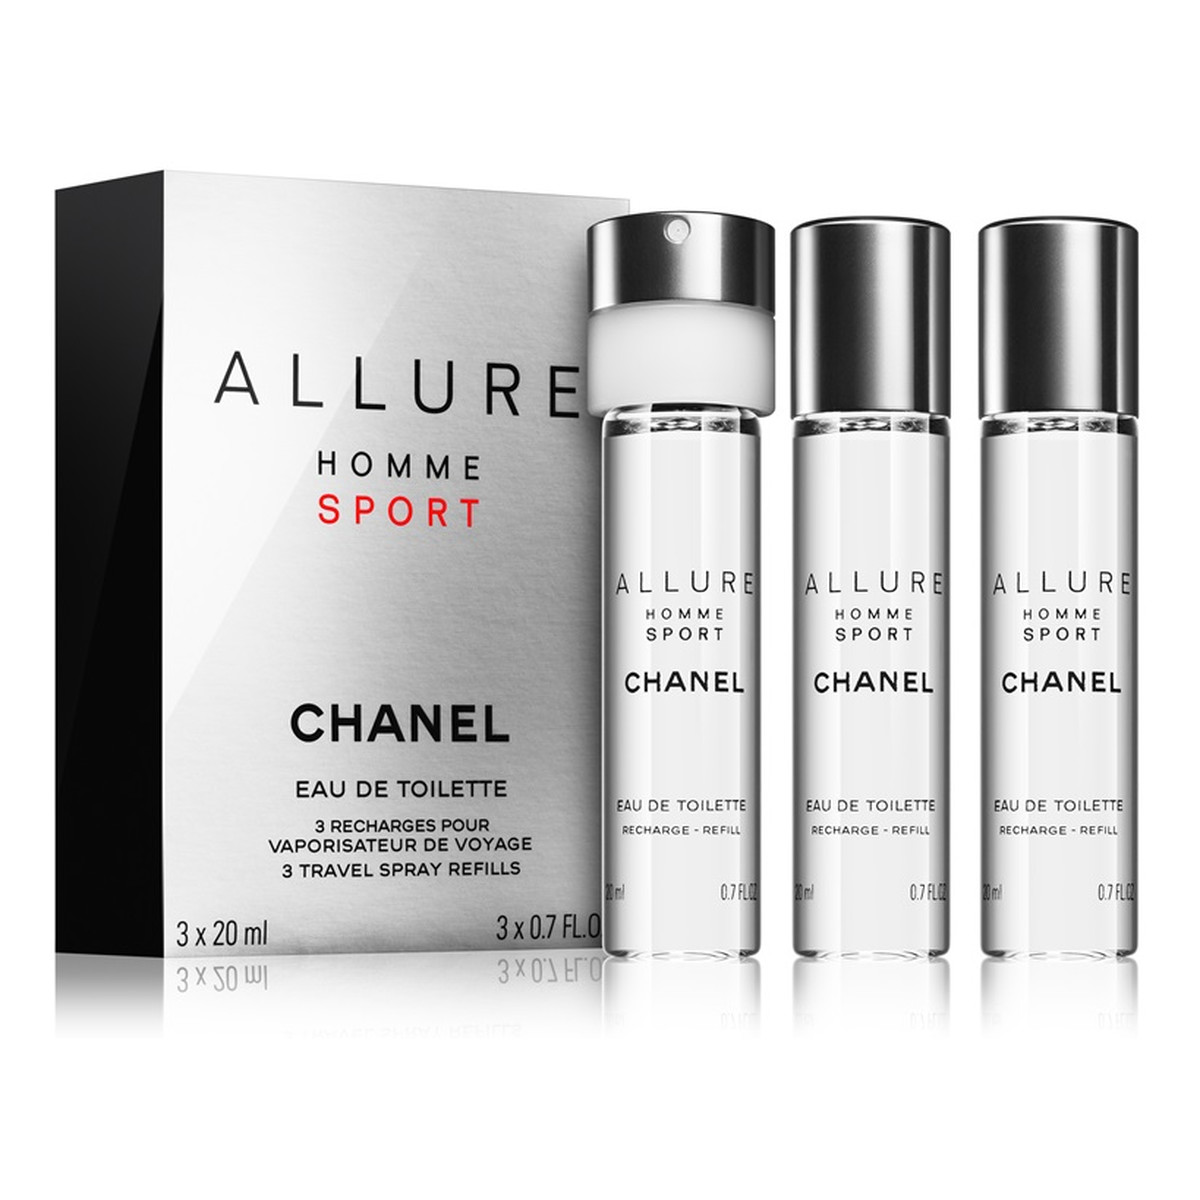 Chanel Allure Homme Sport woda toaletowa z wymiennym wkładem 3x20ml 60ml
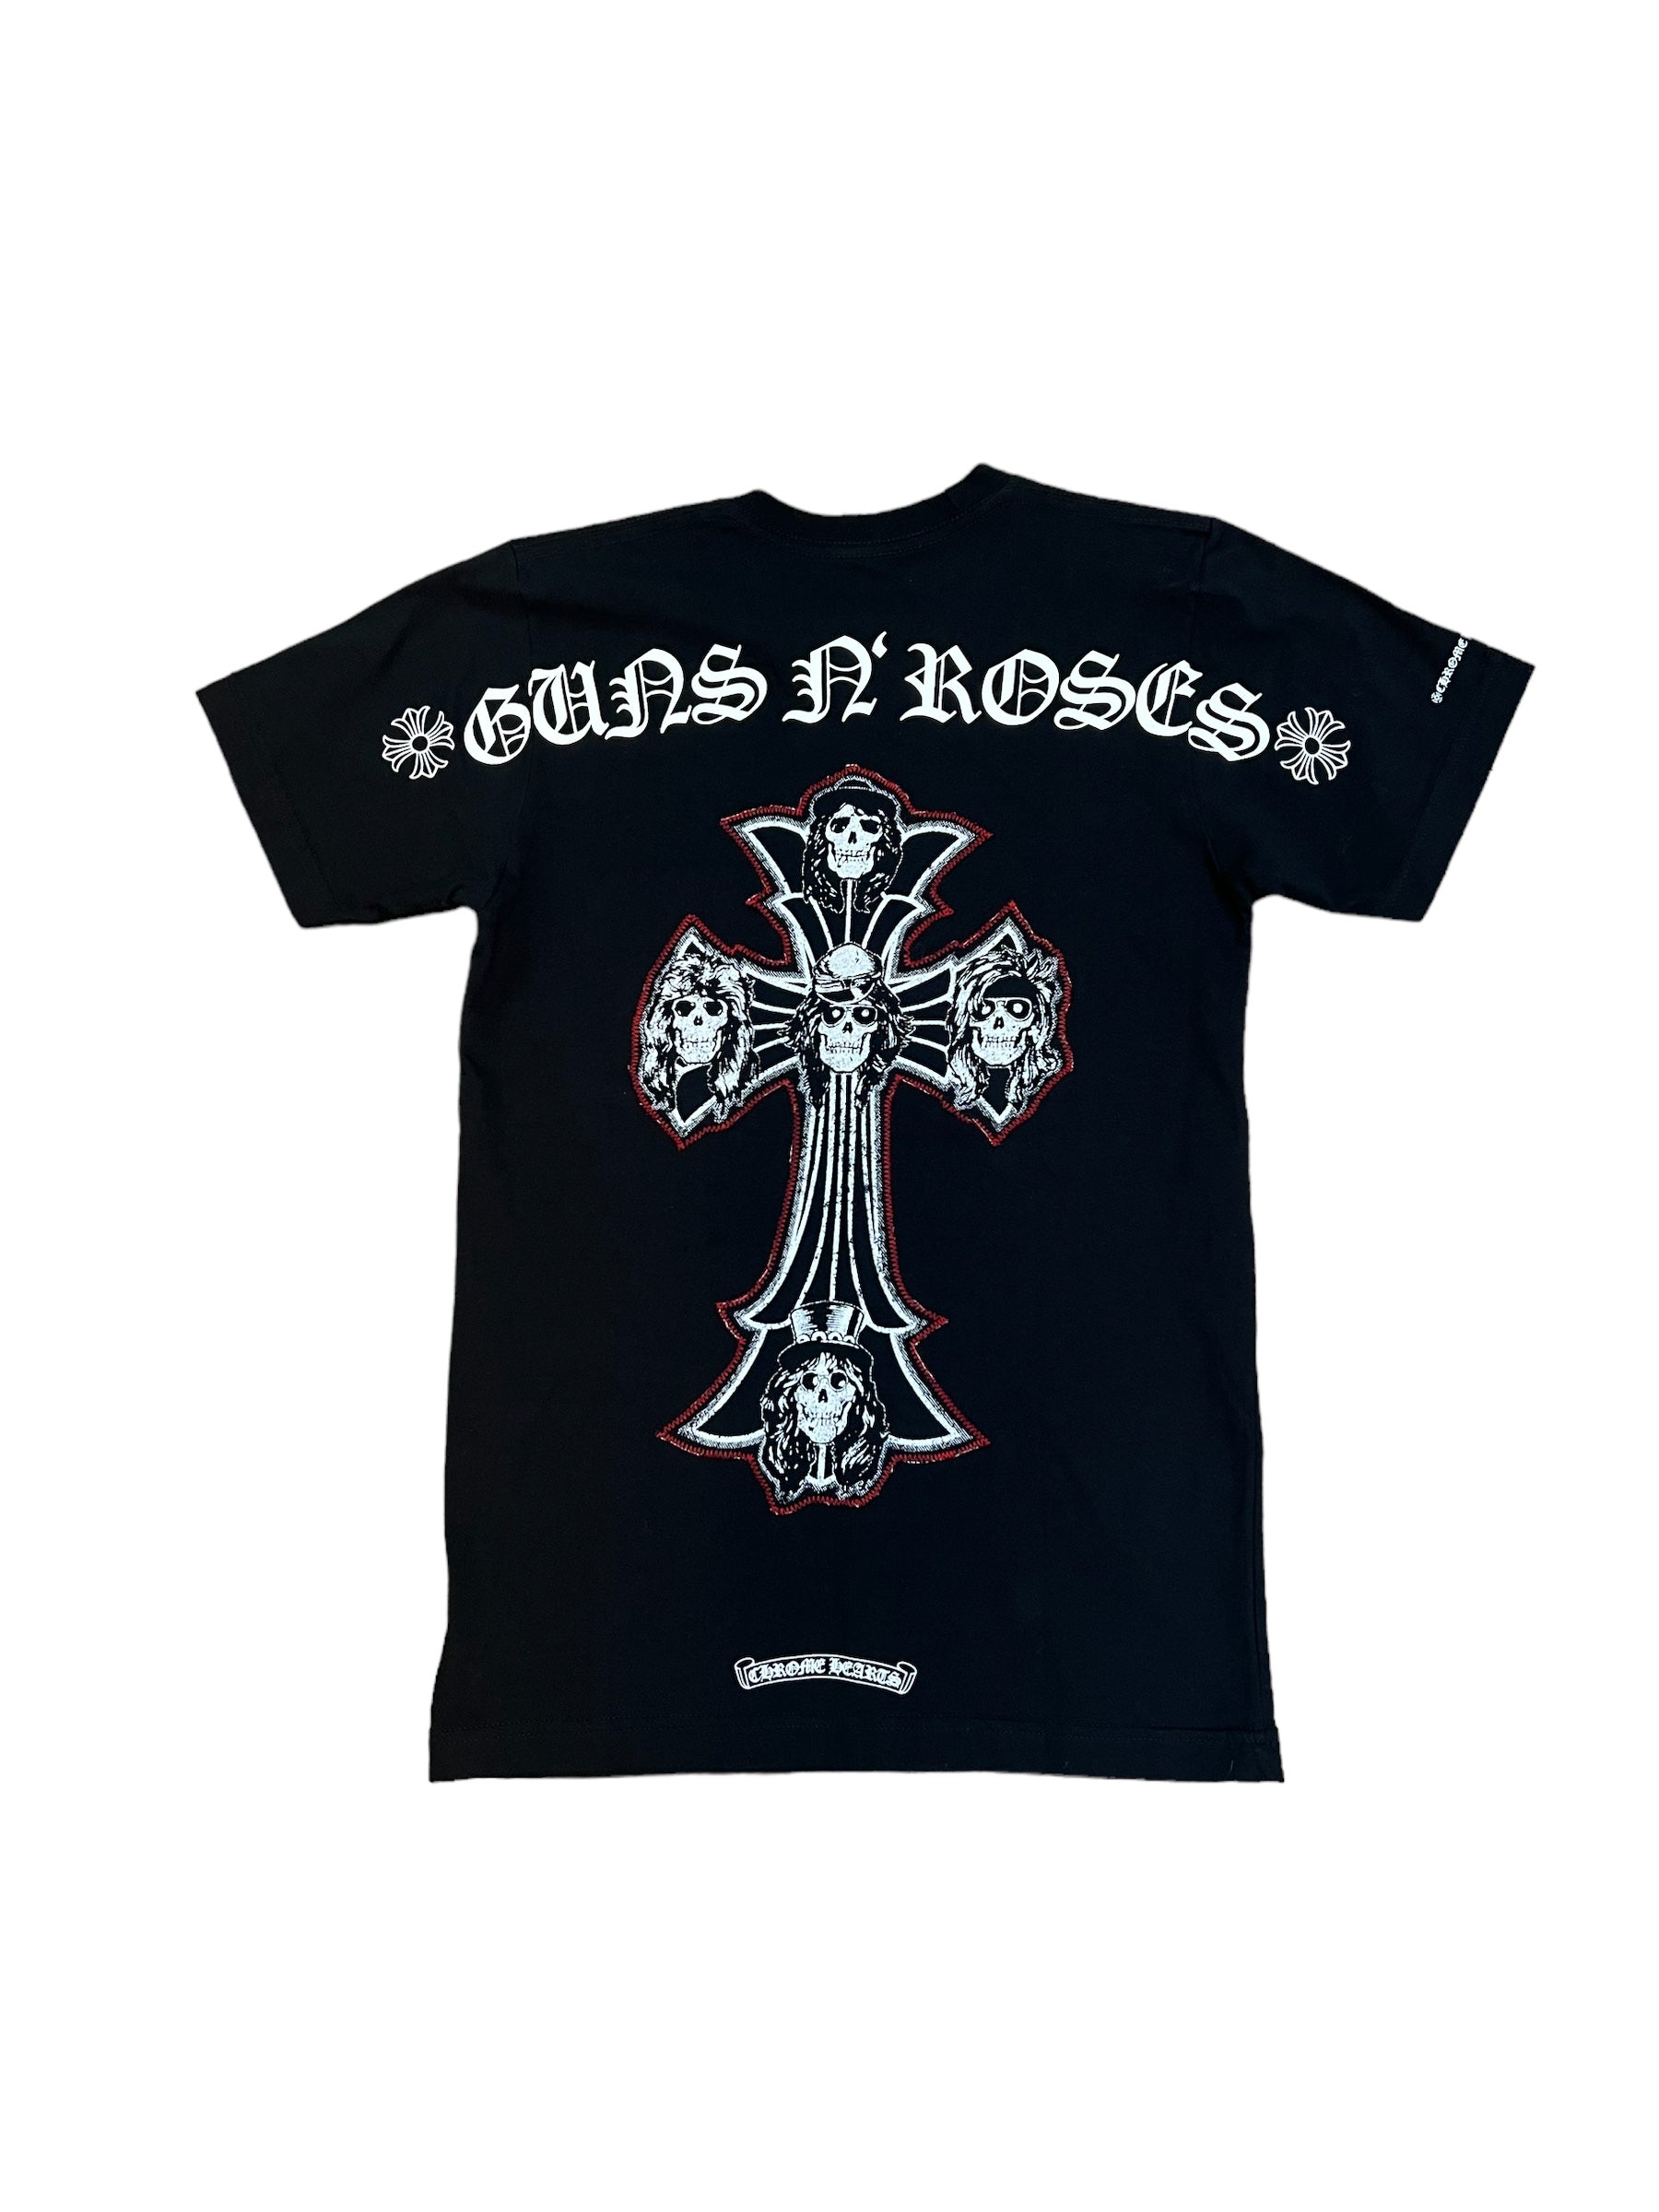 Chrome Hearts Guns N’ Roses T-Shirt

==

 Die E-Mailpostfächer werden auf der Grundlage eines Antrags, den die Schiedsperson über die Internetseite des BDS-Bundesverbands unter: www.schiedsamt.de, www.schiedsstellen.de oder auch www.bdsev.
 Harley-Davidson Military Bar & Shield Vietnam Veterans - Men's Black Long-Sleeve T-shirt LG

**Problem details:**
Your answer must be the exact lines from the records above, from the one containing "Chanel Allure Homme" through the one containing "Chrome Hearts Guns N’ Roses T-Shirt", both included, with every picture left out.

**Completed task:**
 Chanel Allure Homme Sport woda toaletowa z wymiennym wkładem 3x20ml 60ml
 Chrome Hearts Guns N’ Roses T-Shirt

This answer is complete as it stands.